Americans' views on corporal punishment are more in line with that of the Koreans, 90 percent of whom favored corporal punishment. On the other side of the spectrum are "19 countries that have banned spanking and three others that have partially banned it" (Bazelon 744). Sweden was the first country to pass a law banning corporal punishment in 1979. Statistically, parents of Swedish children born in the 1950s almost universally used corporal punishment; that dropped to nearly 14 percent for kids born in the late 1980s, and in 2000 only 8 percent of parents reported physically punishing their kids (Bazelon 744). As a result, between 1980 and 1996, only one abuse related death occurred in Sweden suggesting that banning corporal punishment did have a significant impact on the safety of children. However, in the United States, "reports of abuse spiked following enactment of child protective laws in the 1970s" (Bazelon 744). .

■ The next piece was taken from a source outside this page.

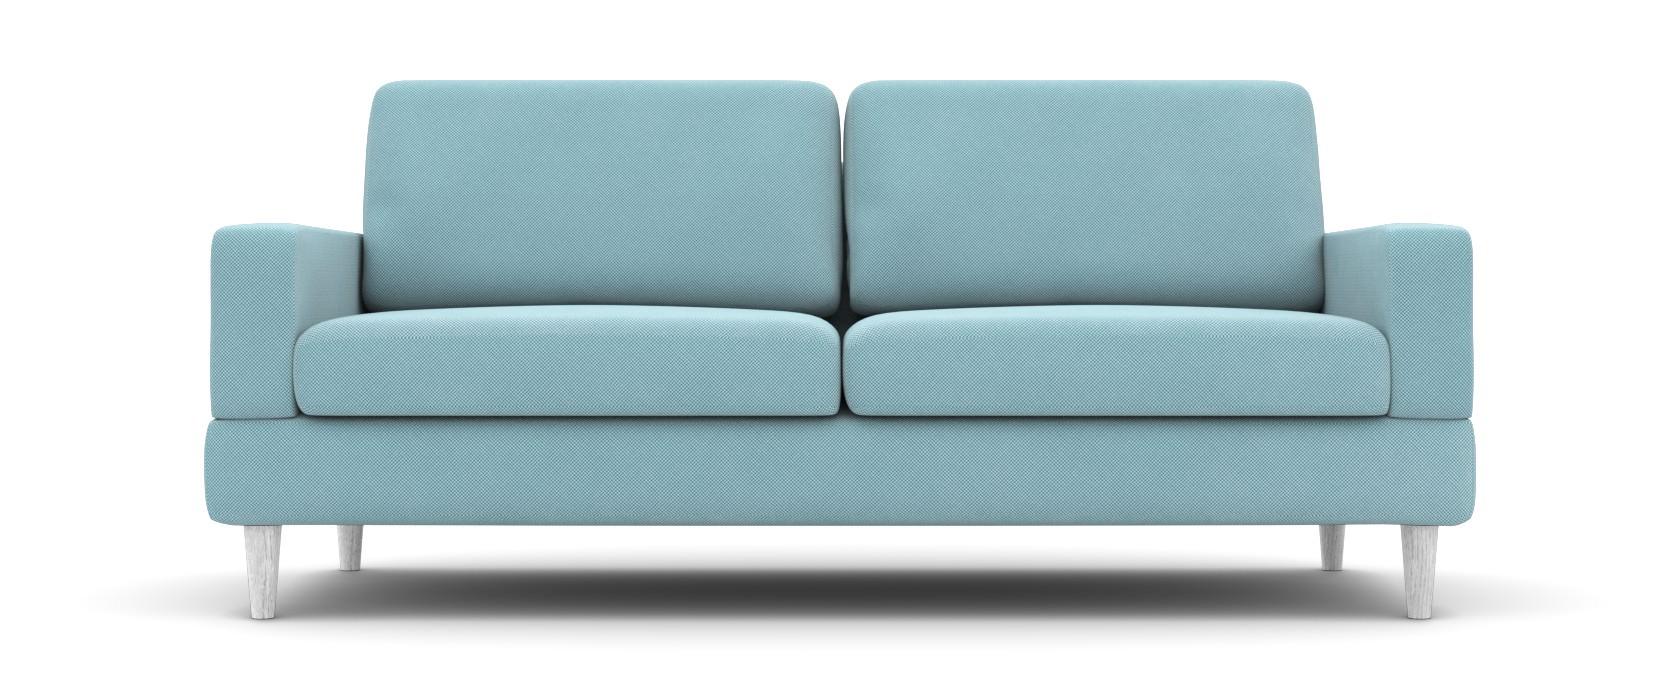 Трехместный диван Bruno - Фото 1 - Pufetto

             According to Bazelon, American psychologists are also divided by their views on corporal punishment. In a 2000 article in the Clinical Child and Family Psychology Review, Dr. Robert Larzelere, who approves of spanking, reviewed numerous studies and concluded that spanking young children can be effective when other measures of discipline are used in conjunction. On the contrary, in a 2002 article in Psychology Bulletin, Dr. Elizabeth Gershoff, who does not approve of spanking, reviewed numerous studies and concluded that aggression in children and risk of physical abuse were directly related to corporal punishment. This deadlock gives advocates on both sides of the debate the freedom to argue their point. .
             Bazelon concludes with a study she believes stands out by University of California at Berkeley psychologist, Diana Baumrind, who conducted a study in northern California from 1968 to 1980, tracking 100 white, middle-class families. She studied the "effects of occasional spanking compared to frequent spanking and no spanking at all," (Bazelon 745).